In supervised learning, the algorithm “learns” from the training dataset by iteratively making predictions on the data and adjusting for the correct answer. While supervised learning models tend to be more accurate than unsupervised learning models, they require upfront human intervention to label the data appropriately. For example, a supervised learning model can predict how long your commute will be based on the time of day, weather conditions and so on. But first, you’ll have to train it to know that rainy weather extends the driving time.

Unsupervised learning models, in contrast, work on their own to discover the inherent structure of unlabeled data. Note that they still require some human intervention for validating output variables. For example, an unsupervised learning model can identify that online shoppers often purchase groups of products at the same time. However, a data analyst would need to validate that it makes sense for a recommendation engine to group baby clothes with an order of diapers, applesauce and sippy cups.

## Type of Data ##

The success of AI applications hinges on the effective use of diverse data types, each serving unique roles in financial modeling, decision-making, and fraud detection. Among the most critical data types are numerical data, categorical data, text data, visual data, and audio data. Understanding their characteristics and applications is essential for leveraging AI's full potential in finance and banking.

- ***Numerical*** Data forms the backbone of AI applications in finance. Represented as measurable quantities, numerical data includes continuous variables such as account balances, stock prices, and interest rates, as well as discrete values like the number of transactions or loan approvals. It is widely used in tasks such as credit risk assessment, portfolio management, and algorithmic trading. Numerical data requires preprocessing techniques such as normalization or scaling to ensure compatibility with machine learning models, particularly those that rely on gradient-based optimization algorithms. Time series data, a subset of numerical data, is crucial for predicting trends in financial markets and assessing historical performance. The versatility and quantitative nature of numerical data make it indispensable in financial analytics.

- ***Categorical*** Data, representing distinct groups or classifications, is another cornerstone of AI in finance. Examples include transaction types, customer demographics, account statuses, and credit ratings. This type of data is pivotal in tasks such as customer segmentation, fraud detection, and regulatory compliance. For instance, identifying high-risk groups or patterns in categorical variables enables banks to tailor services and mitigate risks. However, categorical data often needs to be transformed into numerical representations using methods like one-hot encoding or embedding techniques for compatibility with machine learning models. The ability to extract meaningful insights from categorical data provides a qualitative dimension to financial analysis, complementing the quantitative insights derived from numerical data.

- ***Text*** Data introduces the complexity of unstructured information into AI-driven financial systems.

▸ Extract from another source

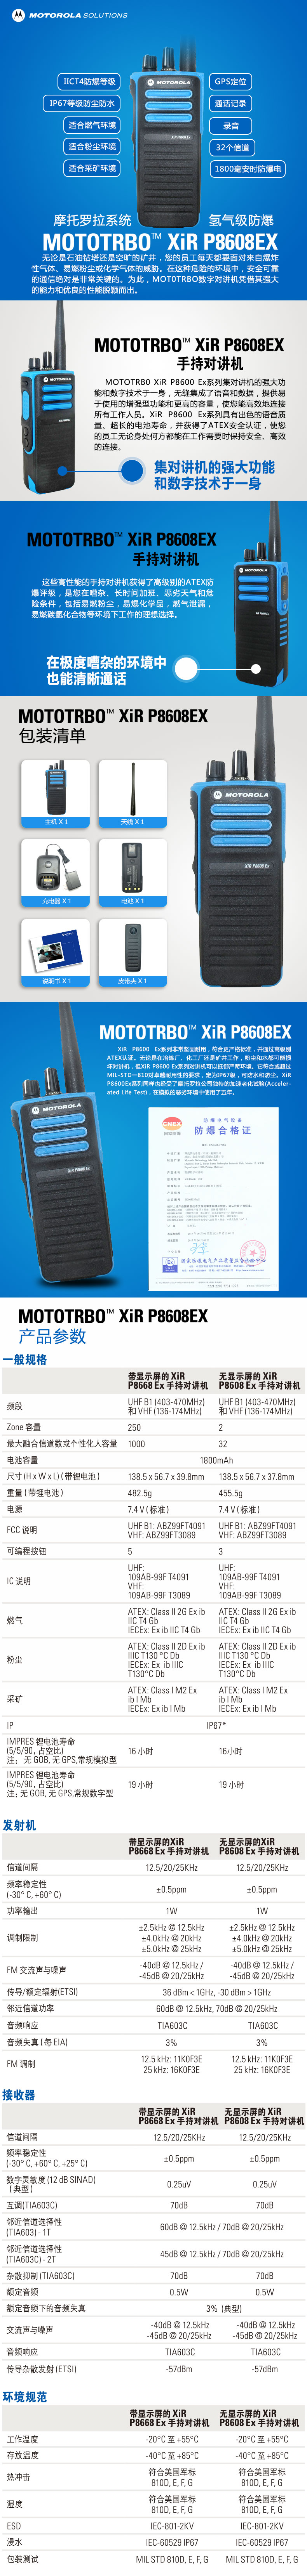 摩托罗拉防爆对讲机XIR P8608 EX

Textual information such as emails, transaction descriptions, contracts, news articles, and social media posts is abundant in the financial domain. Text data is integral to applications like sentiment analysis, where AI systems assess market sentiment from news or social media, and compliance monitoring, where AI scans documents for irregularities or potential policy violations. Processing text data requires natural language processing (NLP) techniques such as tokenization, parsing, and word embeddings to convert unstructured text into structured forms suitable for analysis. These advancements allow financial institutions to extract actionable insights from large volumes of textual information, enhancing decision-making and risk management.

- ***Visual*** Data, encompassing images, charts, and other graphical representations, plays a specialized but critical role in finance and banking. The adoption of computer vision techniques has enabled the processing of visual data for tasks such as identity verification, where optical character recognition (OCR) systems analyze scanned documents or facial recognition systems authenticate users. Visual data also supports the analysis of financial charts and patterns, enhancing traders' ability to predict market movements. Additionally, AI systems use visual data in insurance to evaluate claims by assessing property damage through images or videos. By leveraging convolutional neural networks (CNNs) and similar technologies, financial institutions can derive insights from visual data that were previously inaccessible through manual processes.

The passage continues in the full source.